The data were analyzed using the Statistical Package for the Social Sciences 24.0 package program. Continuous variables were labeled as mean standard deviation, whereas categorical variables were labeled as numbers and percentages. When parametric test assumptions were met, a t-test and one-way analysis of variance was conducted in independent groups to compare independent group differences. The conformity of the data to the normal distribution was examined using the Shapiro-Wilk test. When parametric test assumptions were not met, the Mann-Whitney U test and Kruskal-Wallis Analysis of Variance were applied to compare independent group differences. Both Spearman Correlation analysis and Hierarchical Regression were conducted to determine the relationships between continuous variables. In all analyses, p < .05 was considered statistically significant.
Results
Socio-demographic findings and mean scores of scales
The mean age of the participants in the study was 25.92 ± 9.30 (min = 17, max = 18). It was detected that 72.4% of the individuals were women and 79.6% were single; 43.5% of them were high school graduates. It was detected that 64.2% of the participants did not work, 54.0% had a medium income, and the majority (94.5%) lived with their families. It was determined that 79.4% of the participants were not infected with COVID-19 (Table 1).
Table 1.
Sociodemographic Characteristics of the Participants (n = 402)
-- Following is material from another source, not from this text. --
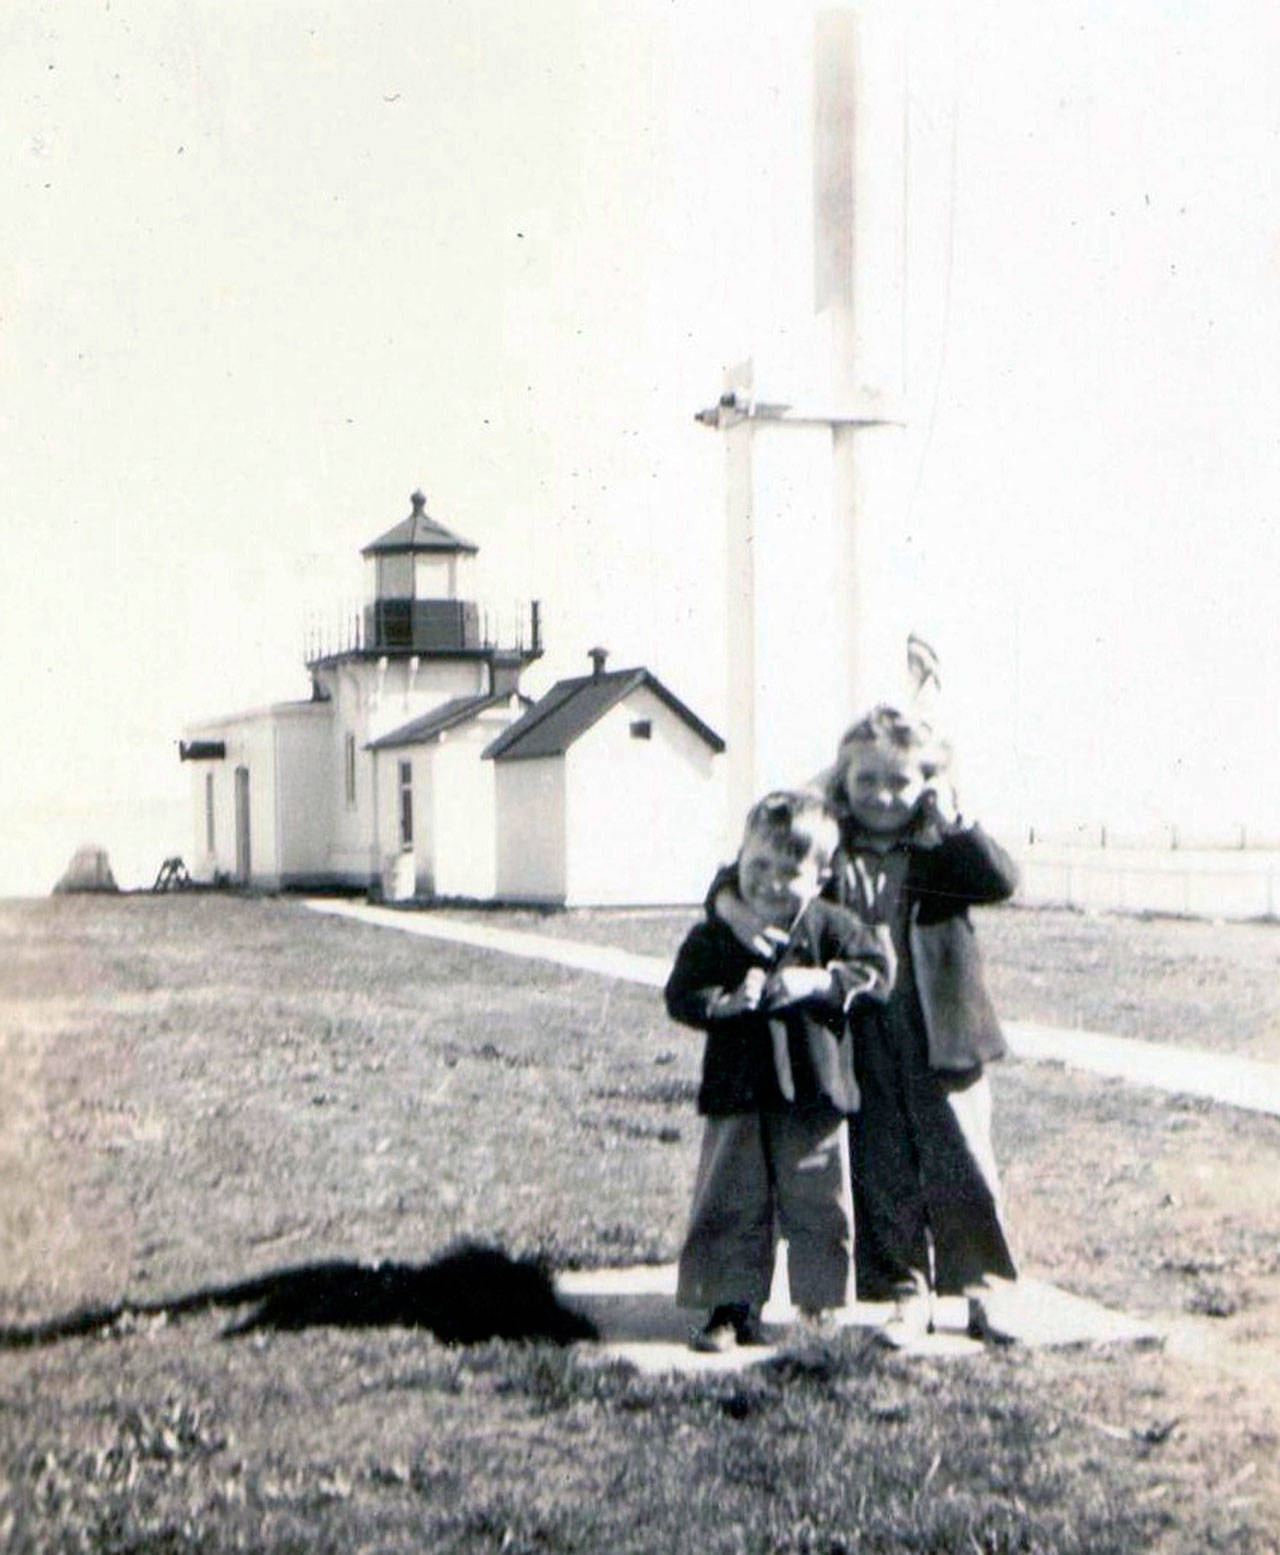 This North Kitsap promotory has been known by different names: hahdskus, Point No Point, and Point No Point Light Station. But for generations of people, it’s also been known as home. (U.S. Lighthouse Society)                                 This North Kitsap promotory has been known by different names: hahdskus, Point No Point, and Point No Point Light Station. But for generations of people, it’s also been known as home. (U.S. Lighthouse Society)

| Demographic characteristics | n | % |
|---|---|---|
| Gender | ||
| Women | 291 | 72.4 |
| Men | 111 | 27.6 |
| Marital status | ||
| Single | 320 | 79.6 |
| Married | 82 | 20.4 |
| Educational status | ||
| High school | 175 | 43.5 |
| Associate degree | 97 | 24.1 |
| Bachelor and above | 130 | 29.6 |
| Working status | ||
| No | 258 | 64.2 |
| Yes | 144 | 35.8 |
| Income status | ||
| Income less than expenses | 145 | 36.1 |
| Income equals expense | 217 | 54.0 |
| Income is more than an expense | 40 | 9.9 |
| Cohabitation status | ||
| Alone | 15 | 3.7 |
| With family | 380 | 94.5 |
| With friends | 7 | 1.7 |
| Passing COVID-19 | ||
| No | 319 | (79.4) |
| Yes | 83 | (20.6) |
| min-max | Mean ± Sd | |
| Age | 18–62 | 25.92 ± 9.30 |
Sd: Standard deviation.
The mean score of the participants was given in Table 2. While examining Table 2, the mean PTSD scores of the participants were found to be 11.41 ± 4.17, the mean RRS scores were 46.91 ± 15.74, and the mean IUS scores were 83.62 ± 24.30.
Table 2.
The Scales Score Averages of the Participants (n = 402)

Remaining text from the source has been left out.